Here is a prime sieve that can hang within a factor of two of the fastest
code in that thread, until it blows up on garbage collection:
-----------------------------------------------------------------
diff  :: Ord a => [a] -> [a] -> [a]
diff xs@(x:xt) ys@(y:yt) = case compare x y of
    LT -> x : (diff  xt ys)
    EQ ->     (diff  xt yt)
    GT ->     (diff  xs yt)
diff _ _ = undefined
union :: Ord a => [a] -> [a] -> [a]
union xs@(x:xt) ys@(y:yt) = case compare x y of
    LT -> x : (union xt ys)
    EQ -> x : (union xt yt)
    GT -> y : (union xs yt)
union _ _ = undefined
twig :: Ord a => [a] -> [a] -> [a]
twig (x:xt) ys = x : (union xt ys)
twig _ _ = undefined
pair :: Ord a => [[a]] -> [[a]]
pair (x:y:xs) = twig x y : (pair xs)
pair _ = undefined
tree :: Ord a => [[a]] -> [a]
tree xs  = 
    let g (x:xt) = x : (g $ pair xt)
        g _ = undefined
    in  foldr1 twig $ g xs
This differs from your code in that it works with infinite lists, so
it can't build a balanced tree; the best it can do is to build a vine
of subtrees that double in size.
Yes, the shape of the implicit tree has to be known in advance, there's
no way to change it dynamically. But there's no need to balance it
perfectly as long as access to a leaf takes only logarithmic time. So,
the function  tree  is fine. I'd even turn it into a higher-order function

  foldInfTree1 :: (a -> a -> a) -> [a] -> a
  foldInfTree1 f xs  = foldr1 f $ deepen xs
     where
     pairs []        = []
     pairs [x]       = [x]
     pairs (x:x':xs) = f x x' : pairs xs

     deepen []       = []
     deepen (x:xs)   = x : deepen (pairs xs)

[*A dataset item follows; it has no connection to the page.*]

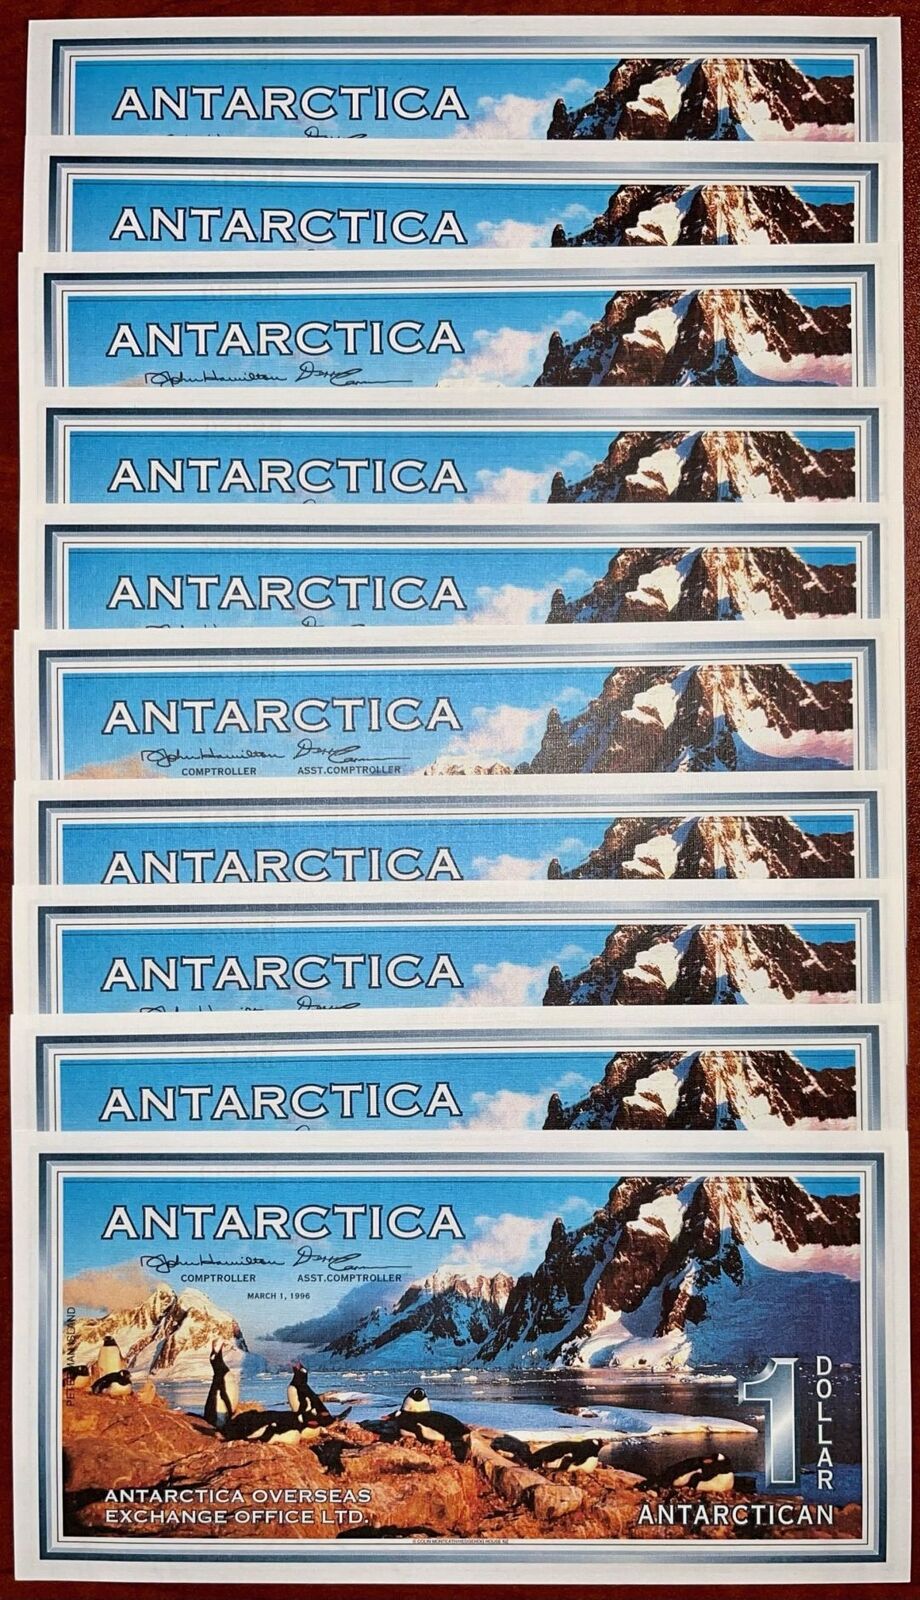 Antarctica - 1 Antartican Dollar - Group of 10 notes - 1996 dated Foreign Paper 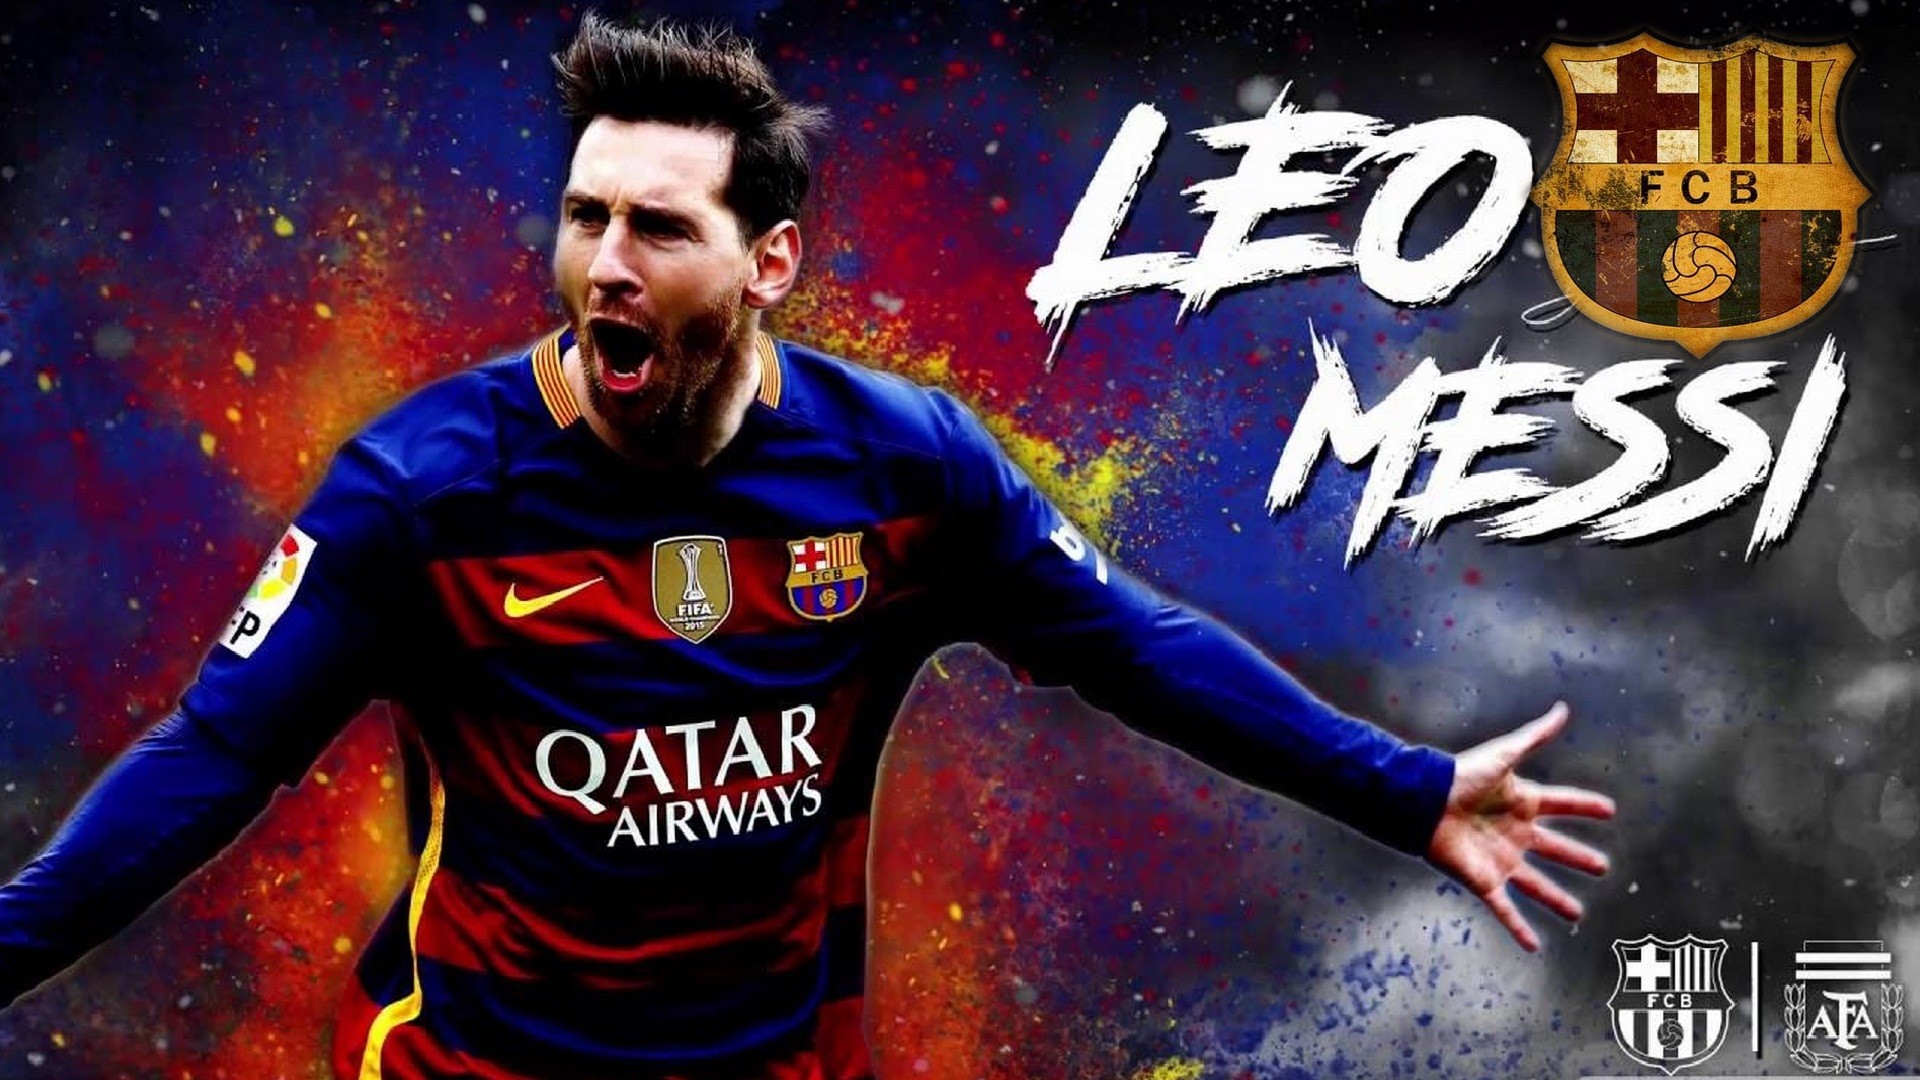 Messi Wallpaper with resolution 1920x1080 pixel. You can make this wallpaper for your Mac or Windows Desktop Background, iPhone, Android or Tablet and another Smartphone device

In case of an infinite list, the resulting tree of `f`s has an infinite
right spine but every other path is finite. Moreover, the length of a
path to the n-th list element is bounded by something like 2*log n. With
this higher-order function, your  tree  becomes

  tree = foldInfTree1 twig

But I'm not sure whether this tree structure really works well for
infinite lists, see my remark below.
...
seed :: Integral a => [a]
seed = [2,3,5,7,11,13]
wheel :: Integral a => [a]
wheel  = drop 1 [ 30*j+k | j <- [0..], k <- [1,7,11,13,17,19,23,29] ]
primes :: Integral a => [a]
primes = seed ++ (diff (drop 3 wheel) multiples)
multiples :: Integral a => [a]
multiples = tree ps
    where f p n = mod n p /= 0
          g (_,ns) p = ([ n*p | n <- ns ], filter (f p) ns)
          ps = map fst $ tail $ scanl g ([], wheel) $ drop 3 primes
Hm, this looks very suspicious, I guess there's something wrong with
using  scanl g . You filter out multiples that are divisible by prior
primes, but that should be the job of the heap. In other words, the
filter (f p)  is the core of the algorithm here, making it almost
equivalent to the simple

  sieve xs p = filter (\n -> n `mod` p /= 0) xs
  primes = map head $ scanl sieve [2..] primes

The heap is not needed at all. In fact, it may even be the second reason
for the memory consumption here. To see why, lets draw the structure of
the tree with parentheses

  1 (2 3) ((4 5) (6 7)) (((8 9) (10 11)) ((12 13) (14 15))) ...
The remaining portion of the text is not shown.